Some people in Taiwan are too carried away with what they consider a "victory" -- President Chen Shui-bian's (陳水扁) move to "cease the function" of the National Unification Council (NUC) -- and risk damaging an understanding between Washington and Taipei on the matter, a US expert in cross-strait issues said on Friday.
"When the US negotiated the language used in President Chen's seven-point statement, it obviously felt that, whatever the nuances of the Chinese-language version, the ambiguity of the English permitted the interpretation that the NUC and Guidelines had not been abolished," said Alan Romberg, director of East Asian Studies at the Henry L. Stimson Center.
"Since then, however, some people in Taipei have trumpeted their `victory' too loudly, even to the point of seeming to equate `cease to function' and `abolish' ... the impression among many in Washington is that there has been a breach of faith and that Taipei's claim of `maintaining the status quo' rings hollow," he added.
Chen announced last Monday that the NUC would "cease to function" and the unification guidelines would "cease to apply," a move which he insisted "does not involve changing the status quo."
The announcement came nearly one month after Chen proposed that the country should seriously consider "abolishing" the council and guidelines.
Not "abolishing" the NUC and guidelines was one of the promises that Chen made in his inaugural addresses of 2000 and 2004, on the condition that "China has no intention of using force against Taiwan."
The US has repeatedly emphasized that it takes those assurances seriously and that it opposes any unilateral change in the cross-strait status quo.
In an immediate reaction to Chen's announcement, US State Department Deputy Spokesman Adam Ereli said the US understanding of the meaning of ceasing the NUC's function is that "it has not been abolished. It's been frozen."

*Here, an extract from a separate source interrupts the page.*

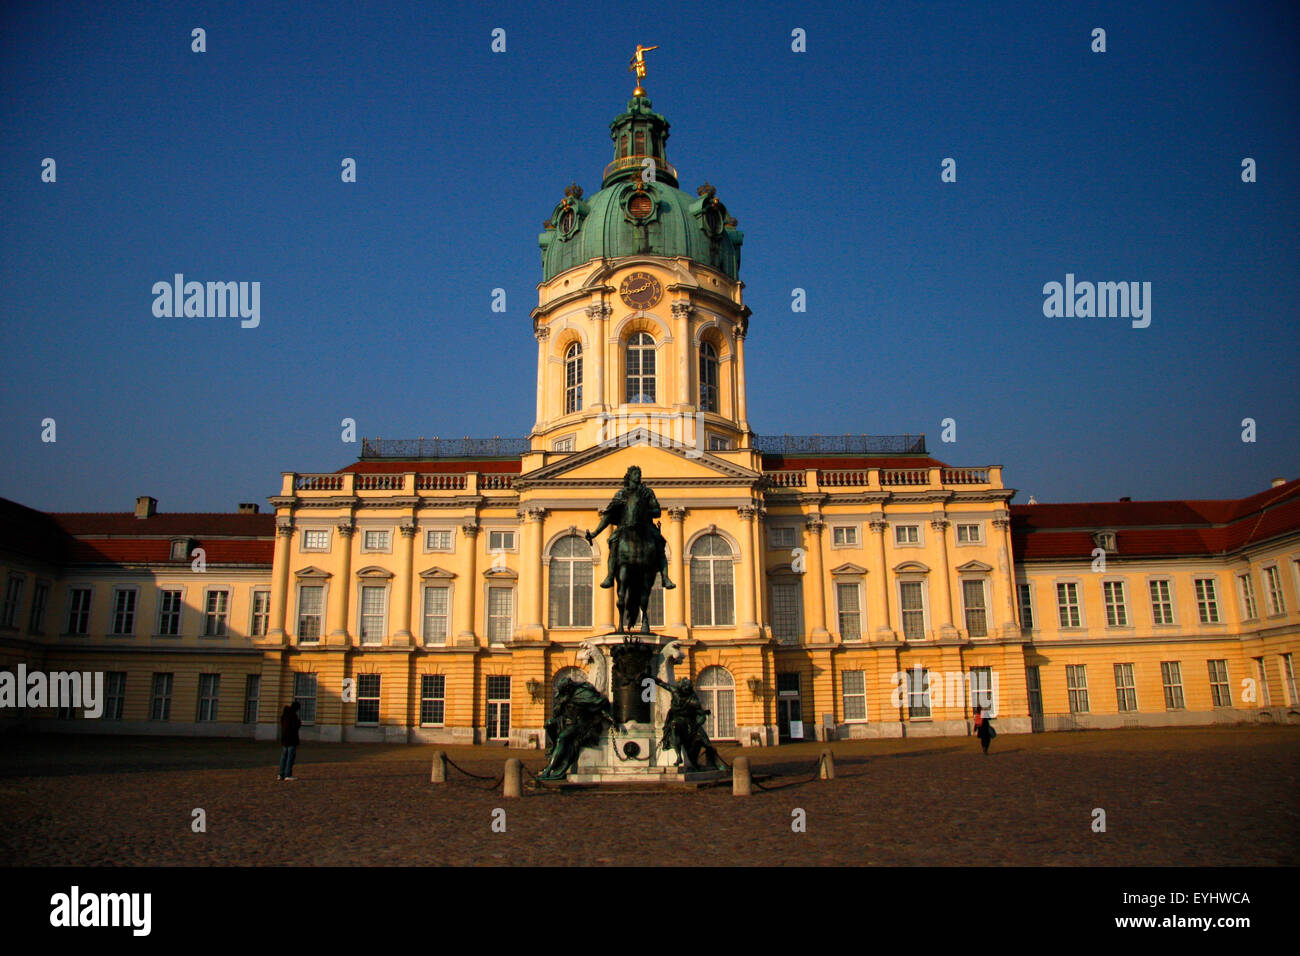 Schloss Charlottenburg, Berlin-Charlottenburg. Stock Photo

However, there have been reports quoting senior officials in Taiwan as saying that there is no distinction between "abolish" and "cease to function" and that the effect of Taiwan's action earlier this week was to abolish the NUC.
Although informed that the officials were misquoted, Ereli issued a rare statement in written form on Thursday saying "we expect the Taiwan authorities publicly to correct the record and unambiguously affirm that the Feb. 27 announcement did not abolish the council, did not change the status quo, and that the assurances remain in effect."
The statement by a US official requesting Taiwan to "unambiguously affirm" it "did not abolish" the NUC has revealed an "underlying level of US frustration" in its dealings with Taiwan over the NUC episode, Romberg said.
"Any further statements from Taipei on this or other cross-strait issues will be very closely scrutinized," he said.
Romberg said the US, like China, has been concerned about what "next steps" Chen will take.